Secondly, LFOP has never characterised the some 220,000 Jewish refugees in the Displaced Persons camps after the war as ‘settler-colonialists’. It is those who entered Palestine as immigrants before WW2 whom we describe as such.
It is certainly true that the first Jewish immigrants were primarily motivated by religion and they had no desire to create a Jewish state, in fact, considered the very notion to be ‘heresy’. However, everything changed with the Balfour declaration and the creation of the Mandated Authority for Palestine by Britain. During the 20s and 30s immigration into Palestine was controlled. The temporary Zionist Commission (later the permanent Executive Commission) set up in 1918 with Chaim Weizmann as its chair was regarded by the Mandate Authority as speaking for all Jews in Palestine. Every six months they negotiated a quota for Jewish immigration with the British government and were given the right to issue immigration permits. The first point of contact in the towns and cities of Europe for would-be immigrants would therefore be the Zionist organisations. They would select the immigrants and give out the permits.
Healthy young men willing to work in agriculture were favoured for selection in the early 1920s. These received preliminary training in centres run by the General Federation of Jewish Labour (Histradrut) in the countries of origin. If this is not settler-colonialism what is? It is, therefore, unlikely that the’ ‘vast majority’ of immigrants were unaware of the aims of the Zionist movement. Whether sympathetic to these aims, or not, without the active support and involvement of this majority of immigrants the Zionist movement would not have been able to lay down the structures of the future State.
During the 1920s and 30s the Zionists established an education system, supported the creation of businesses were created and public utilities (the British government ensured that these were all handed to Zionists or their supporters). The Jewish militia, the Haganah, was transformed into a military force that would become the Israel army. Described as being able to mobilise 50,000 armed men it helped the British to put down the Arab revolt of 1936 – 1939. The Histradrut, set up in December 1920 to manage Jewish labour, became central to the Zionist project as did the Jewish National Fund, mentioned in previous comments.
Were then was Palestine and Zionism at the outbreak of WW2? I quote Tom Segev in ‘One Palestine Complete: Jews and Arabs under the British Mandate.’ (2001)
“After three decades of Zionism in Palestine, there was still no clear timetable for the Jewish state but no doubt remained that Jewish independence was on the horizon. The social, political and military foundations of the state-to-be were firm; and a profound sense of national unity prevailed. The Zionist dream was about to become reality.”
He then continues
“There is therefore no basis for the frequent assertion that the state was established as a result of the Holocaust. Clearly, the shock, horror, and guilt felt by many generated sympathy for the Jews in general and the Zionist movement in particular. That sympathy helped the Zionists advance their diplomatic campaign and their propaganda, and shaped their strategy to focus efforts on the survivors…” of the Holocaust.

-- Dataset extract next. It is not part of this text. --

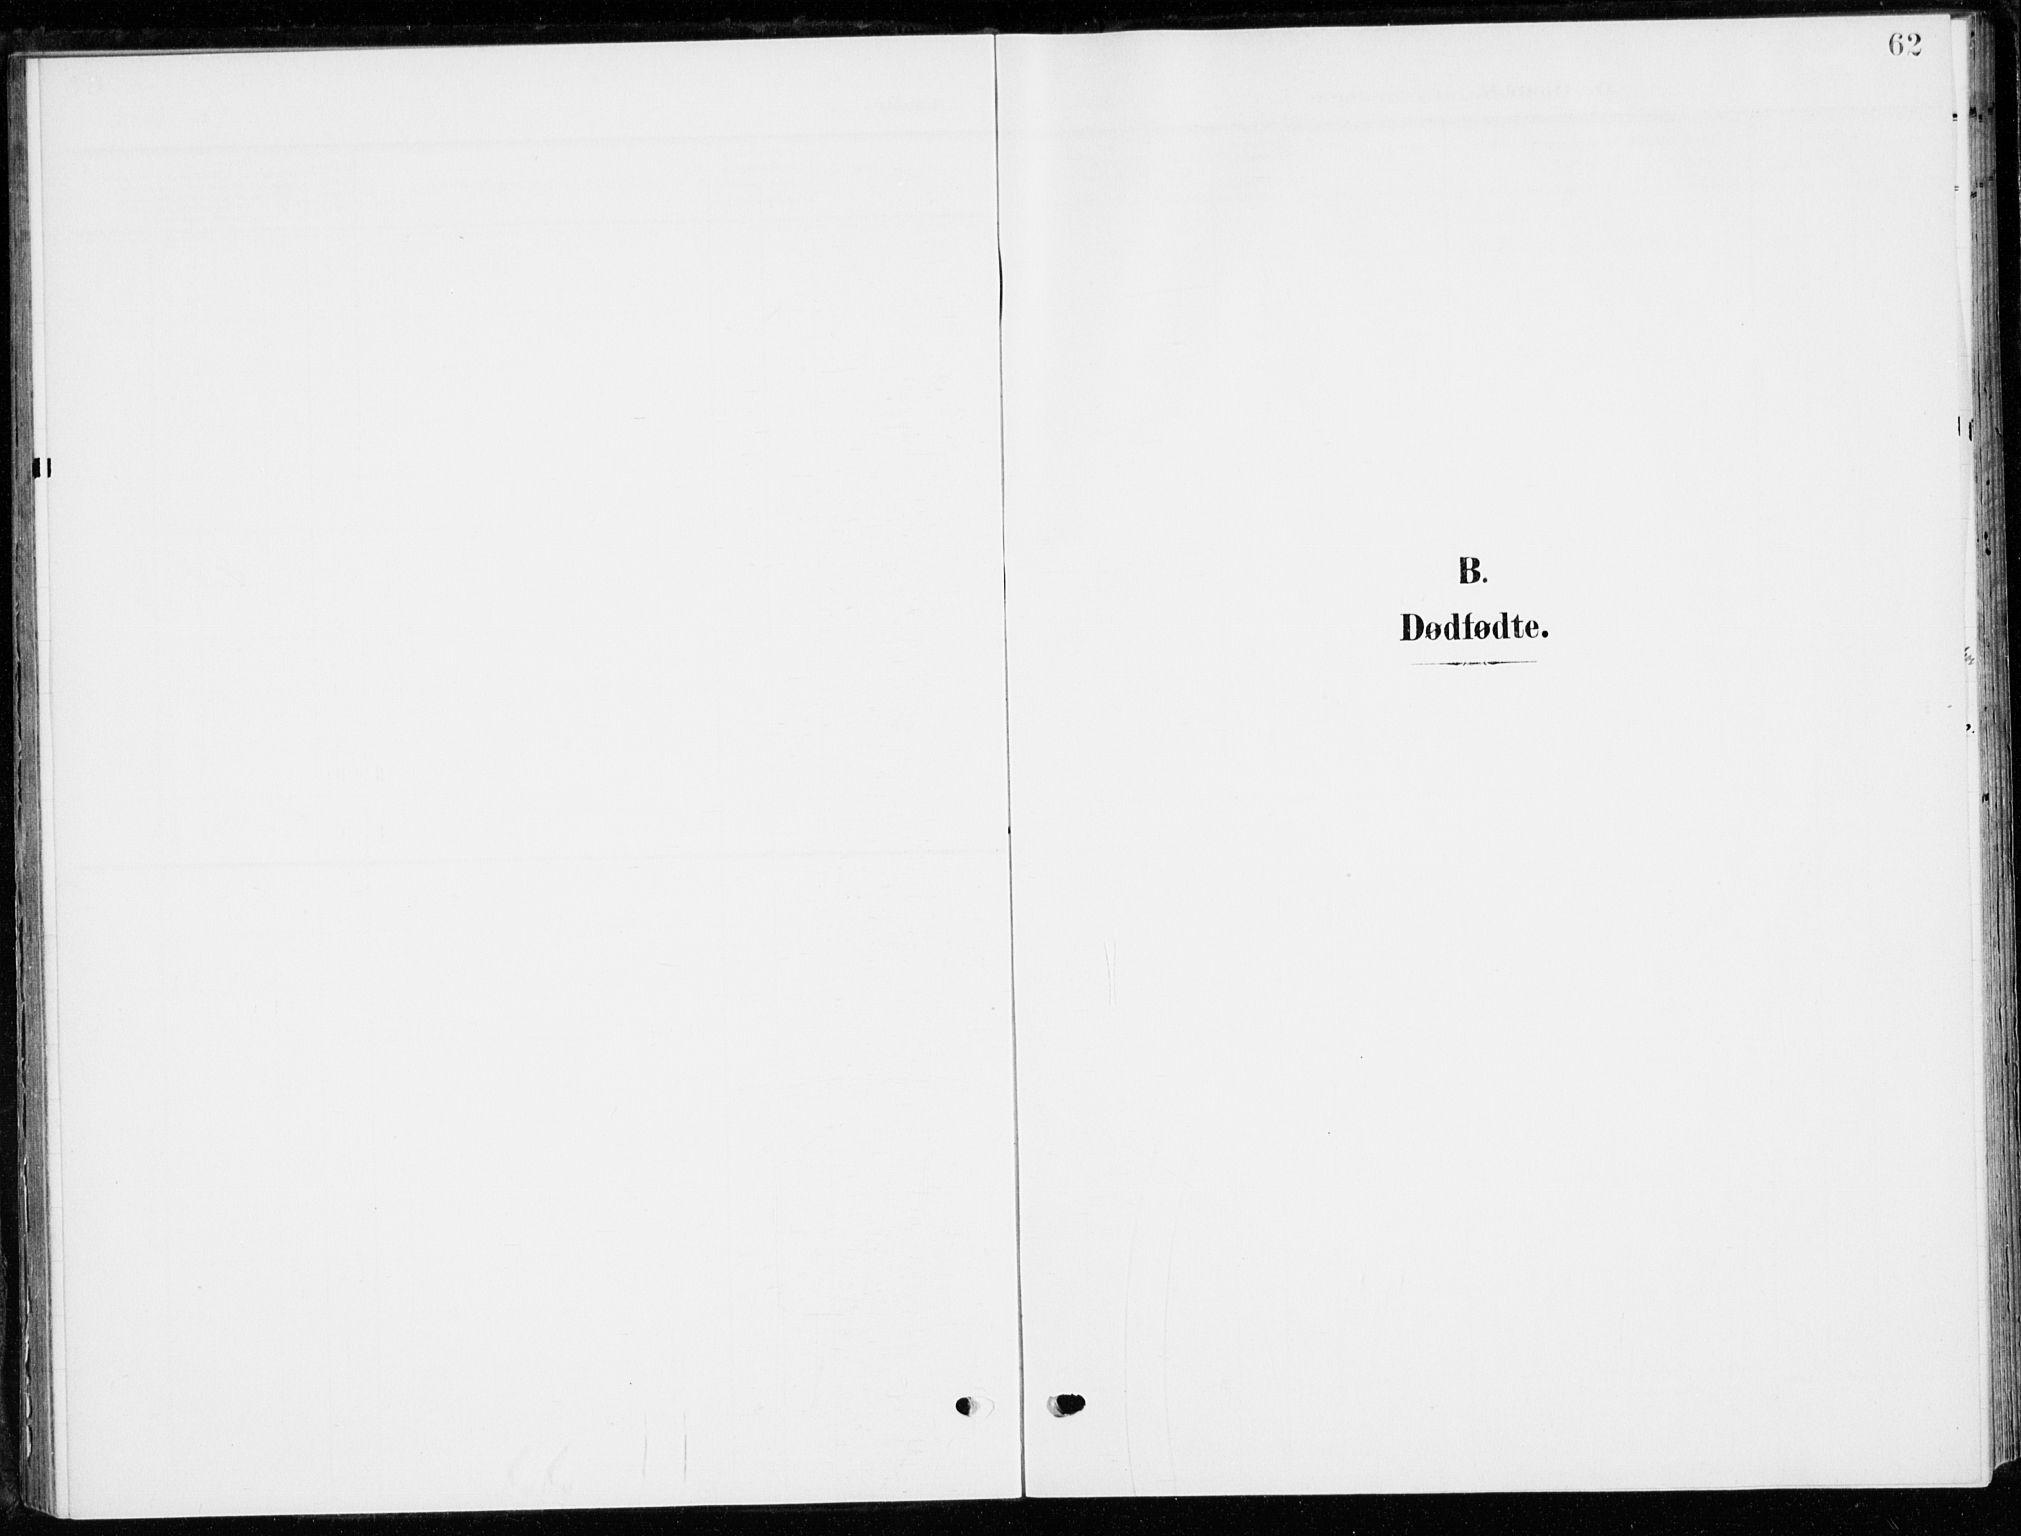 SAH, Ringsaker prestekontor, K/Ka/L0021: Ministerialbok nr. 21, 1905-1920, s. 62

Yes I agree with Naomi that Britain (and other countries including the USA) is to be condemned for its refusal to allow in Jewish survivors of the Holocaust. Not for the first or last time a British government opposed the entry of refugees.
Yes, the Zionist leadership mounted massive campaigns to get as many Jewish refugees as possible to travel to Palestine. However, this was not out of sympathy for victims of poverty and persecution but to advance their aim of a Jewish majority in Palestine.